Sometimes, when she couldn’t sleep at night, she tormented herself by wondering if it had been unraveling already, and if she had hoped the baby would somehow glue it back together, give her someone to love in the face of a husband who was distant, from a life that was so far from the fairy tale she had dreamed for herself. This was exactly why she now dedicated her life to her business. Business was not painful. It did not cause introspection. It did not leave time for self-pity or self-analysis.

“Come grab a burger with me at Doofus’s,” he said, and laid a persuasive hand on her wrist.

She heard something gentle in his voice, knew she had not succeeded in keeping her pain out of her eyes.

“They make a mean burger.”

“I’m a vegetarian.”

“Really?” he said skeptically.

“If I went there, would you come to the library after?” she said, sliding her arm out from under his touch as if she was making a sneak escape from a cobra. Maybe the best defense was an offense. He’d be about as likely to visit a library as she would be to visit a turkey shoot. Still, as he contemplated her, her heart was acting as if she was in a position of life-threatening danger, racing at about thirteen million beats per minute.

“Sure. I’ll come to the library. I like doing different things. Surprising myself.”

Right. He just had all the answers. He’d never go to the library, just say he was going to, and then send a bouquet of flowers when he didn’t show.

“Why are you doing this?” she asked, folding her rescued limbs over her chest, protectively.

He sighed, looked away, ran a hand through the rich darkness of his hair. “I want a change,” he said, and she was pretty sure he surprised them both with his sincerity.

Still, to be asked out because he needed a change from his bevy of bimbos? It was insulting!

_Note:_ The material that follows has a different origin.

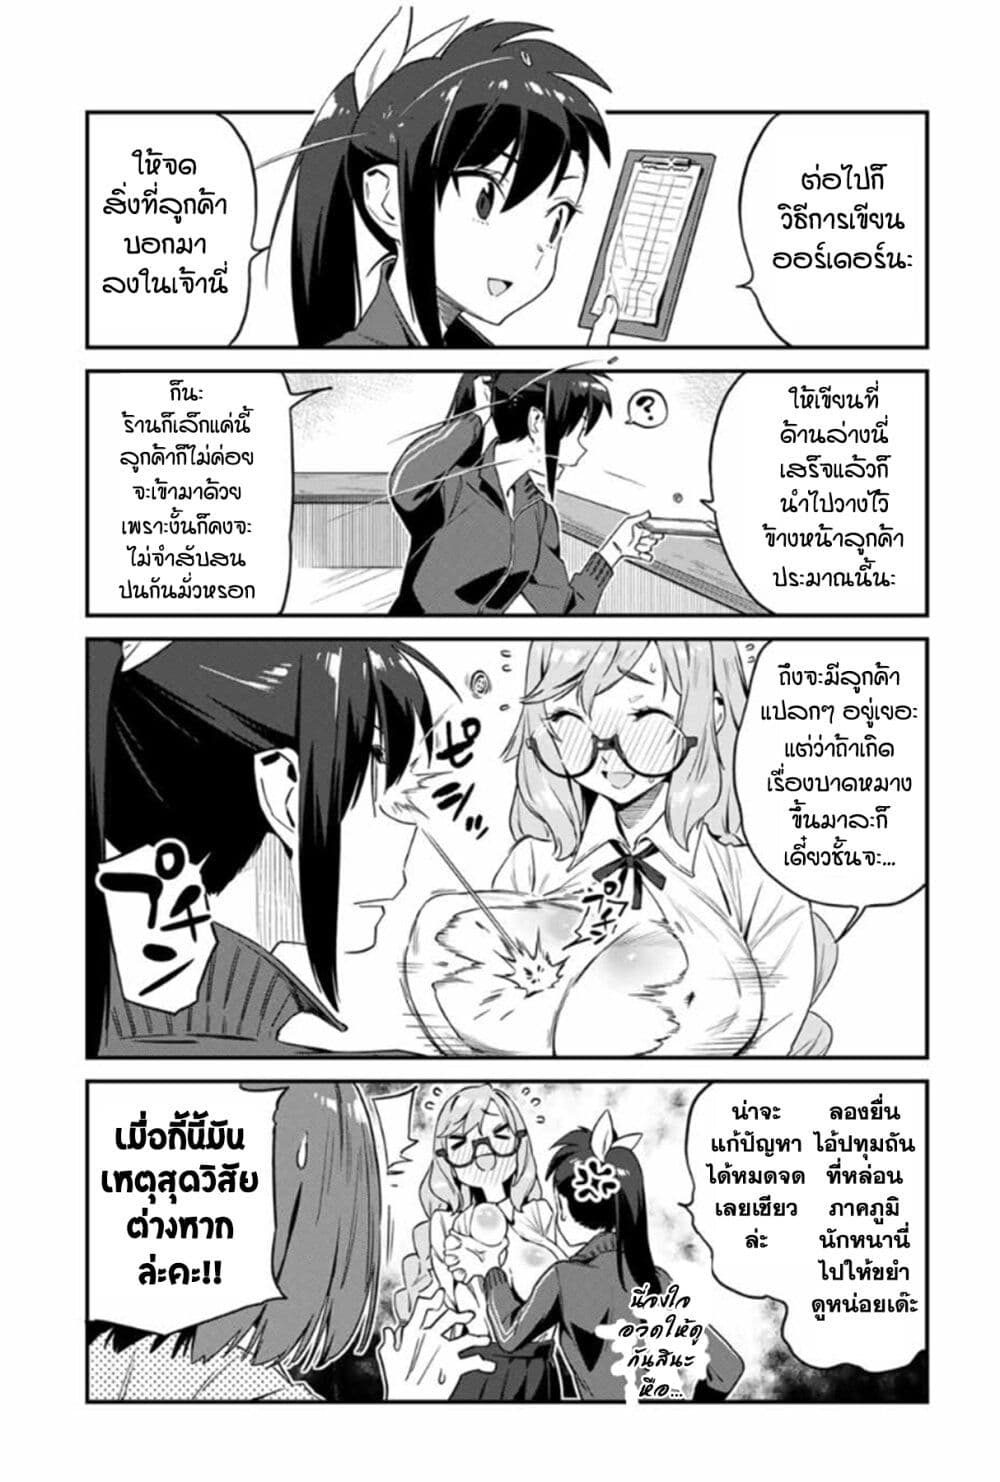 Youkai Izakaya non Bere ke 13 (6)

“And you’d like a new toy to play with,” she guessed, with a shake of her head.

He regarded her thoughtfully. “I bet your husband didn’t deserve you. He probably wasn’t worth the sadness I saw in your eyes when you mentioned your divorce.”

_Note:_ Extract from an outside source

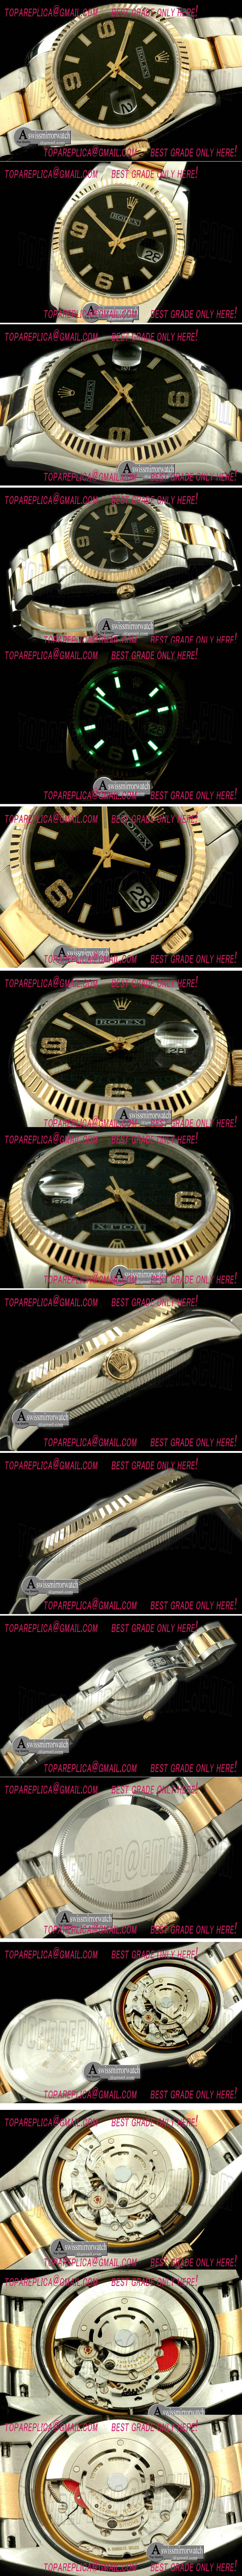 Replica Rolex Watches

The comment was unexpected, his voice quiet and serious, a side of him she had never seen.

Dylan McKinnon’s charm was dangerous when he was all playful and boyish. But it turned downright lethal when he became serious, the cast of his face suddenly accentuating the firmness around his mouth, the strength in the cut of his cheekbones and chin.

“I have to go,” she said.

She whirled away from him. Her eyes were stinging.

“Hey, Katie,” he said, jogging up beside her now, blocking her attempt to escape from all his sympathy with some dignity, “I’m sorry, I didn’t mean to hurt you.”

“Would you go away? Guys like you always hurt girls like me.”

He stopped. Stared at her. She saw her arrow had hit.

“Not every man is going to be like your ex-husband,” he said evenly.

“How do you know? You didn’t know him.” Or me.

The truth was it didn’t really matter if Dylan was like Marcus, if she was still like her. It was herself she didn’t trust after her whole life had fallen apart. She did not trust herself to make good choices, and certainly not to be able to survive that kind of pain ever again.

But it was true Dylan was nothing like Marcus had been. Dylan had his faults, but he didn’t try to hide any of them. If anything, he seemed to celebrate them. He didn’t seem to have any secrets, unless she counted that one bouquet that he picked himself every week and delivered himself.

Other than that her remark about guys like him hurting girls like her was really undeserved. He had been her most loyal customer. He’d always only been kind to her, funny and charming. He’d helped her pick up the glass that time she had broken the rose vase. He had a gift for making her feel oddly pretty—or at least interesting—even on her ugliest days. He was aggravatingly sure of himself, yes, but he never crossed that line into conceit.